# Skinny dipping



## uhmanda00 (Aug 3, 2008)

They always jump in at the most convenient times, don't they? haha


----------



## mist (Jun 23, 2007)

he looks adorable,


----------



## BeauShel (May 20, 2007)

Looks like someone wanted to do a midnight swim, but since he cant read the clock went alittle early. Anytime is the right time to take a dip


----------



## TheHooch (May 9, 2007)

Now that was a good chioice.


----------



## ShadowsParents (Feb 27, 2007)

He looks a bit remourseful in that 2nd picture. Or is that a 'busted' look?
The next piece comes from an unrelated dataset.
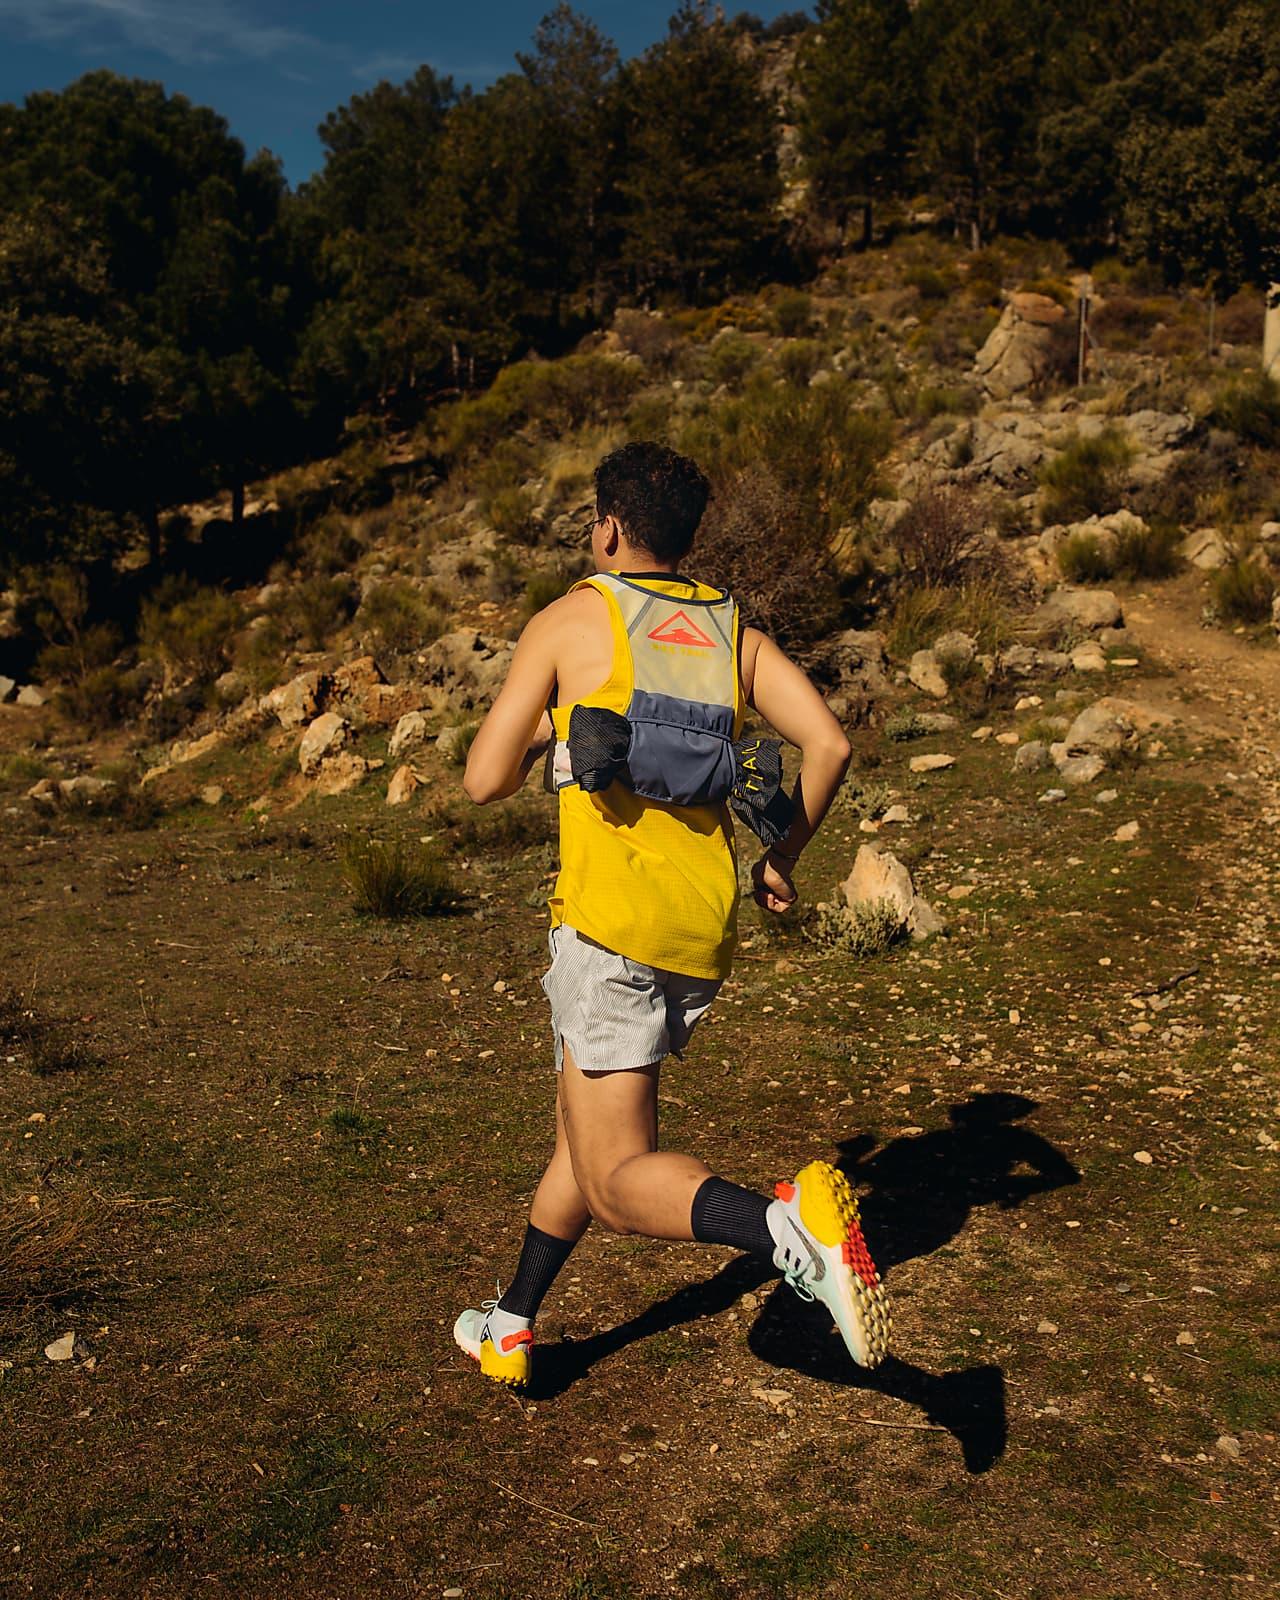 Papà Richiedente ritardo  Nike Men's Running Trail Gilet. Nike GB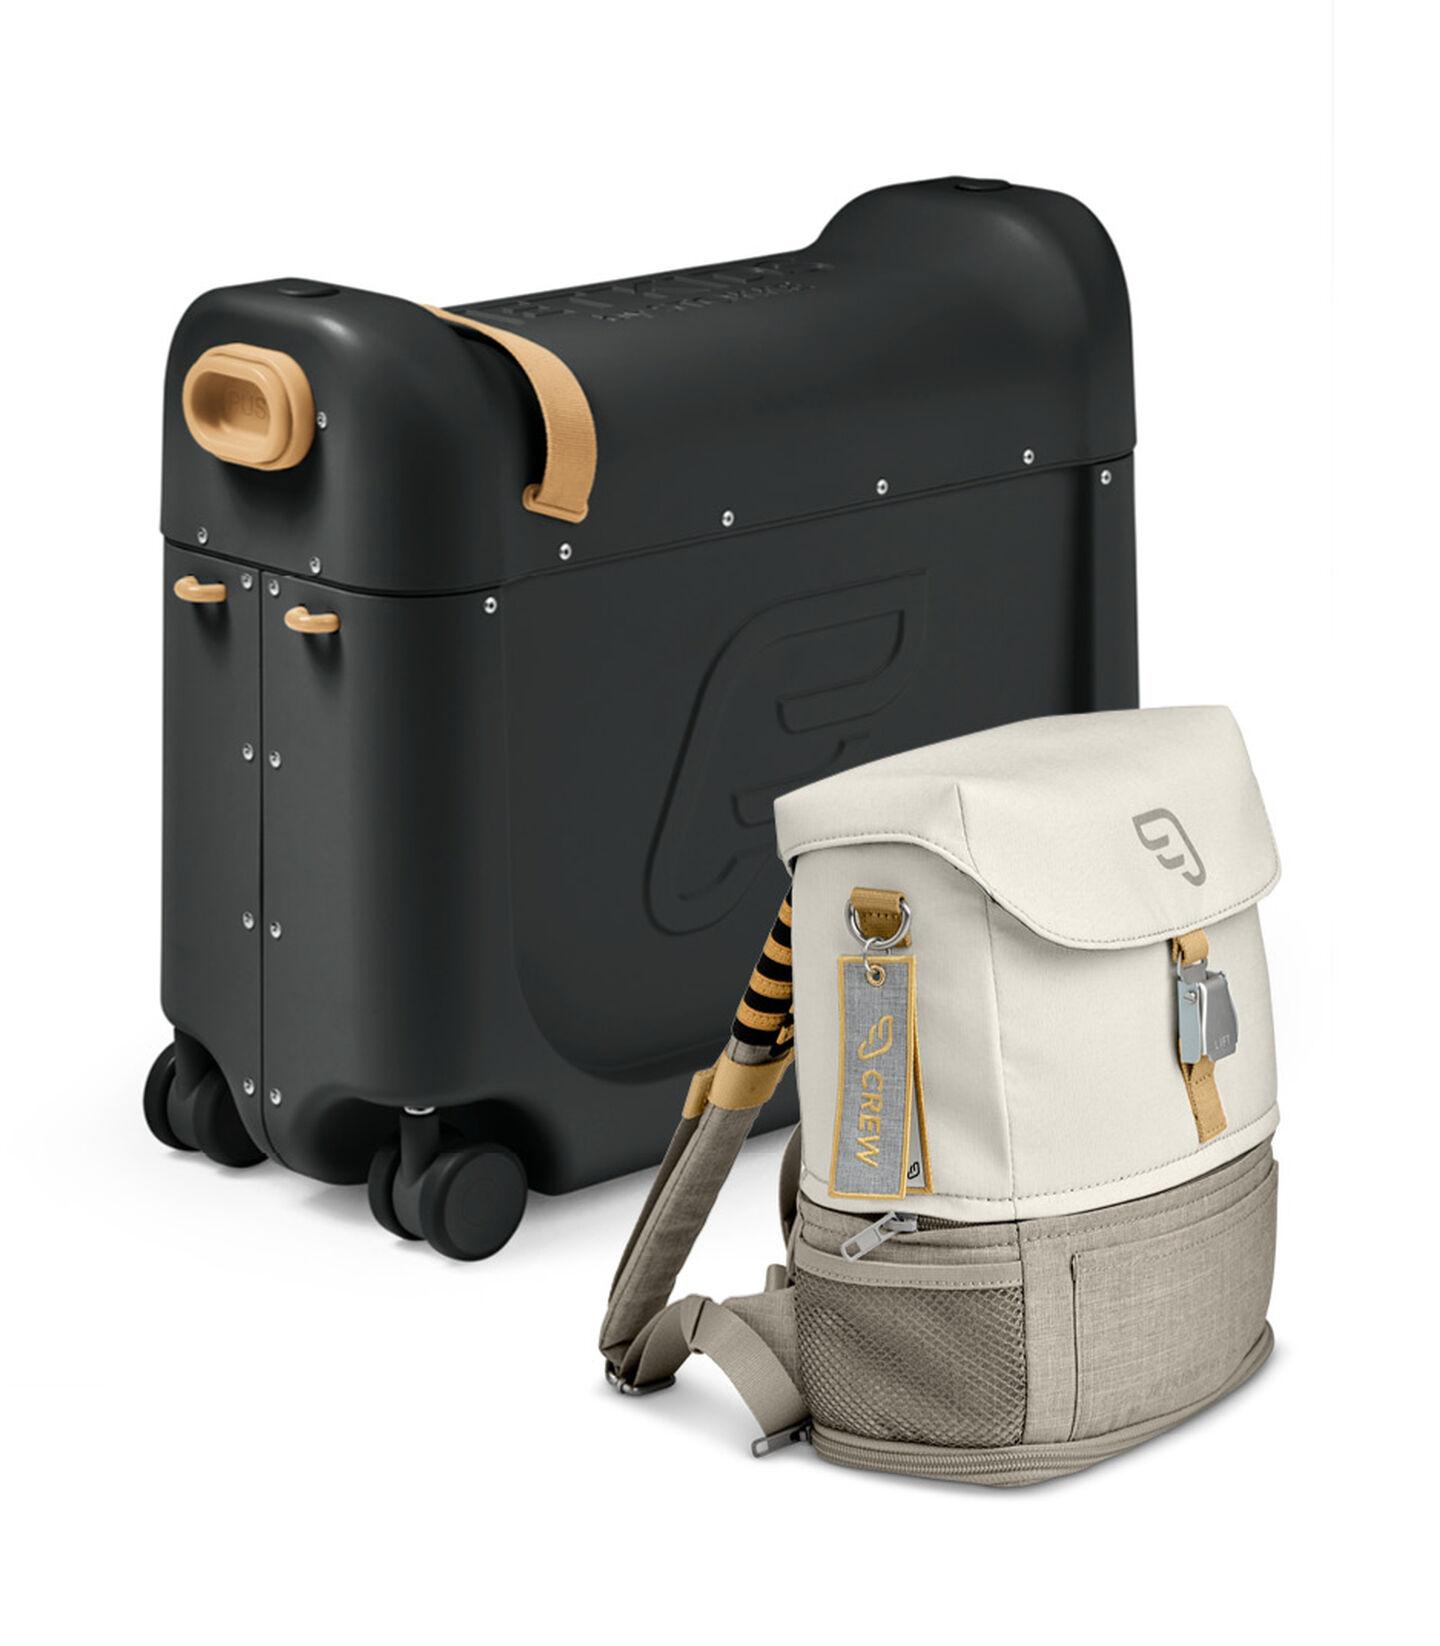 Travel bundle BedBox™ + Crew BackPack™ Black/White, Black / White, mainview view 2

LOL


----------



## Lego&Jacub (Jul 18, 2006)

OMGosh... he is just tooo PRECIOUS!!!! I love the closeup!!! They are just soo... live for the moment.... ya gotta love 'em!!!!


----------



## sharlin (Feb 26, 2007)

Nothing like a midnight dip to make a boy sleep good!!!


----------



## Celeigh (Nov 29, 2007)

ShadowsParents said:


> He looks a bit remourseful in that 2nd picture. Or is that a 'busted' look? LOL


I think that one was a "hey, that flash is hurting my eyes" look crossed with a "if I don't look right at her and stand really still, maybe she won't see me in here" look!

That's my baby!


----------



## fiestyredheadntx (Mar 27, 2008)

nothing like a little dip in the water before retiring for the night!


----------